The effort was overlooked. The profile pictures used in some accounts sometimes did not match the fictional characters cultivated, and the language used in the posts was stilted.

In at least two cases, accounts with profile photos of Black men posted information about being a “middle-aged Jewish woman.” Out of 118 posts in which the fake accounts shared pro-Israel articles, the same phrase appeared: “I have to reevaluate my opinions because of this new information.”
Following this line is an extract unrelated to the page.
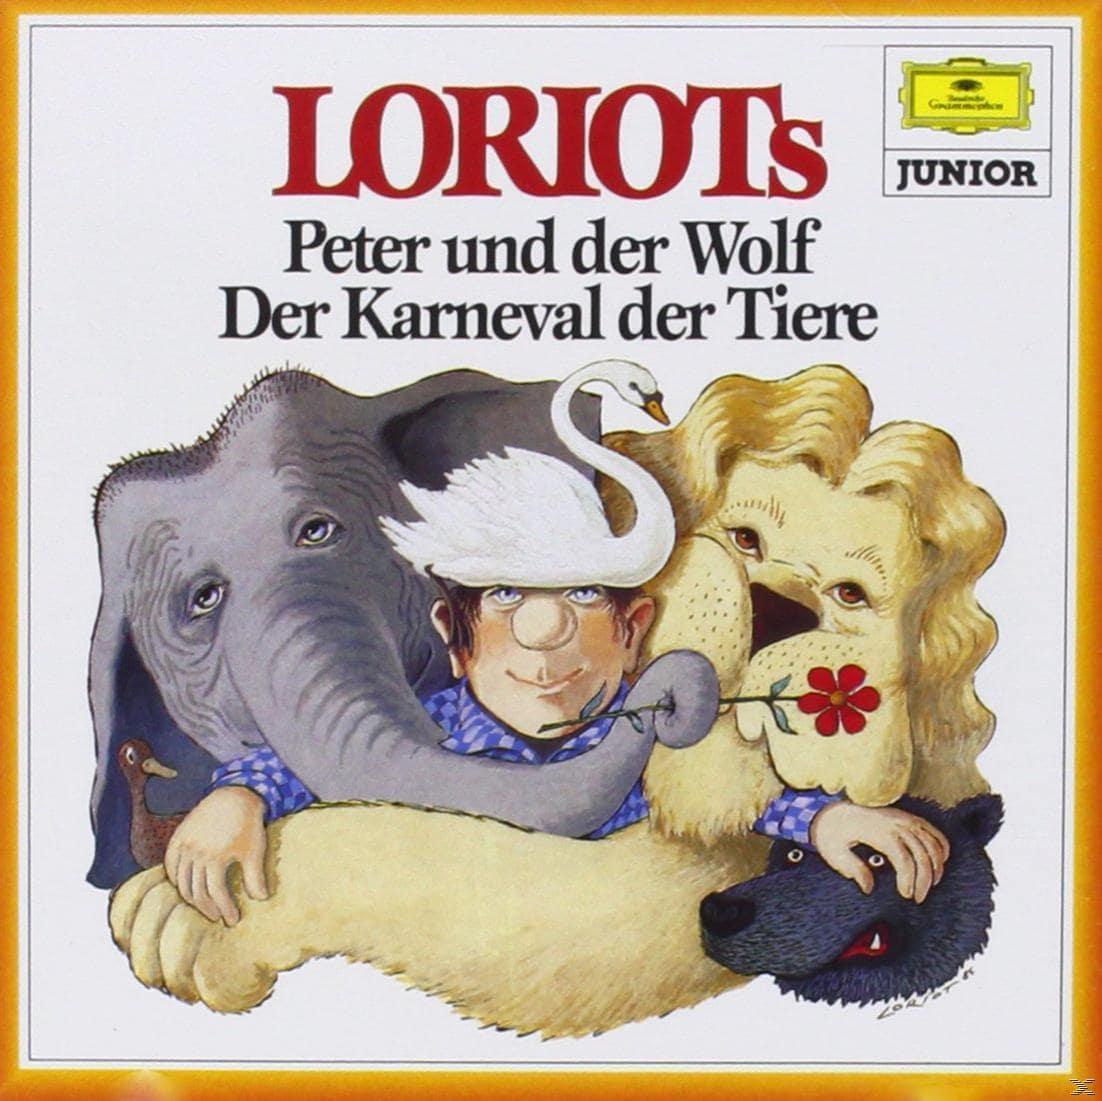 Loriots Peter und der Wolf / Karneval der Tiere (CD(s)) für 8,49 Euro
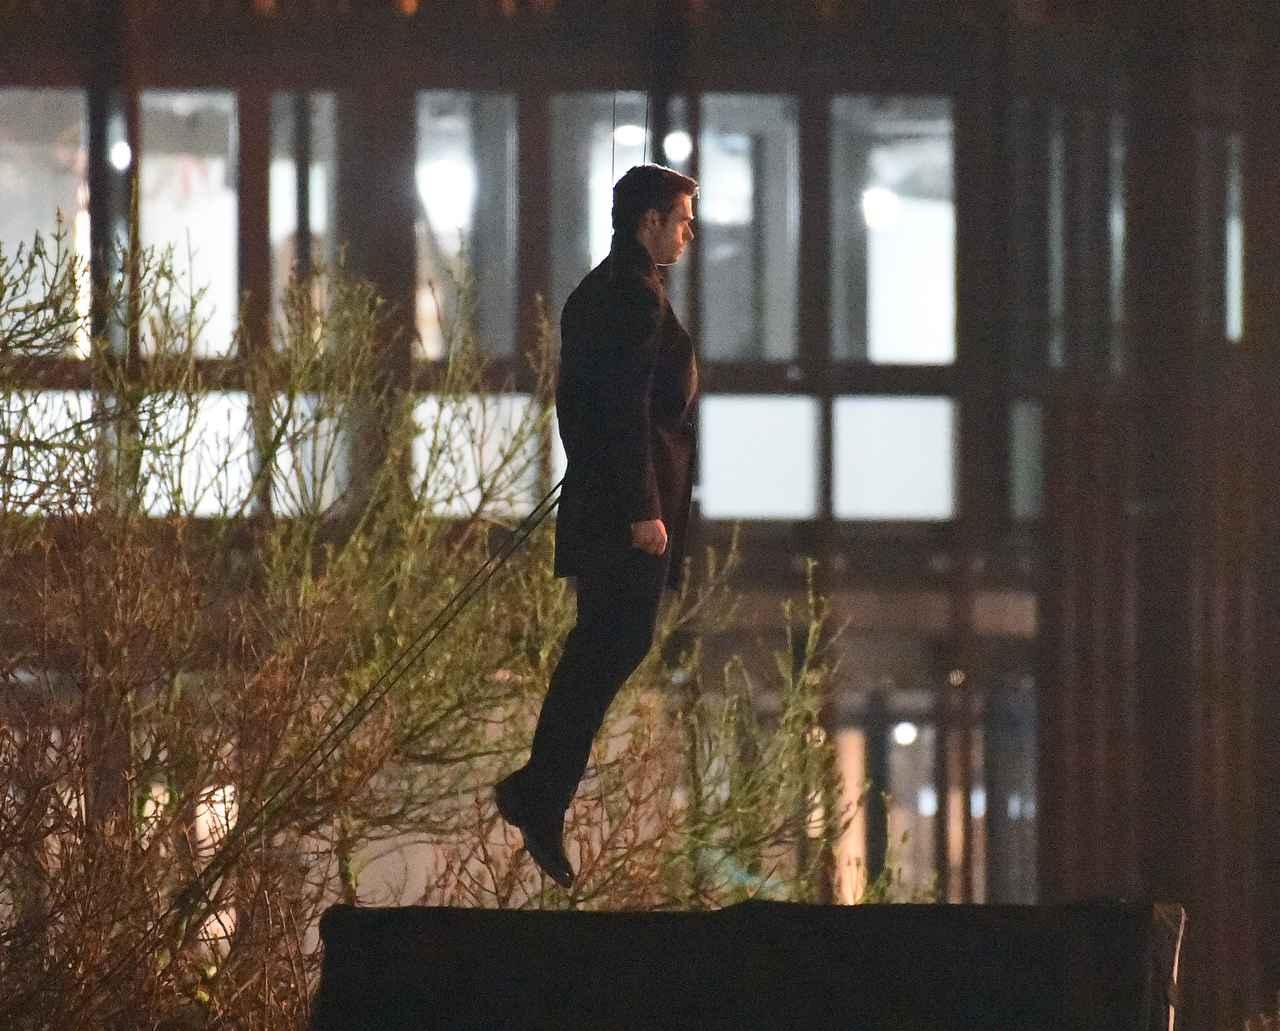 Images : 11番目の画像 - リチャード・マッデンが宙を舞う!MCU新作映画『エターナルズ』の撮影現場が激写 - フロントロウ -海外セレブ情報を発信

Last week, Meta and OpenAI published reports attributing the influence campaign to Stoic. Meta said it removed 510 Facebook accounts, 11 Facebook pages, 32 Instagram accounts and one Facebook group linked to the operation. OpenAI said Stoic created fictional characters and biographies intended to replace real people on social media services used in Israel, Canada and the United States to post anti-Islam messages. Many of the posts remain on X.

X did not respond to a request for comment.

On his LinkedIn page, Stoic promoted his ability to run AI-supported campaigns. “Looking ahead, it is clear that the role of AI in political campaigns is poised for a transformational leap, reshaping how campaigns are strategicized, executed, and evaluated,” she wrote.

By Friday, Stoic had removed those posts from LinkedIn.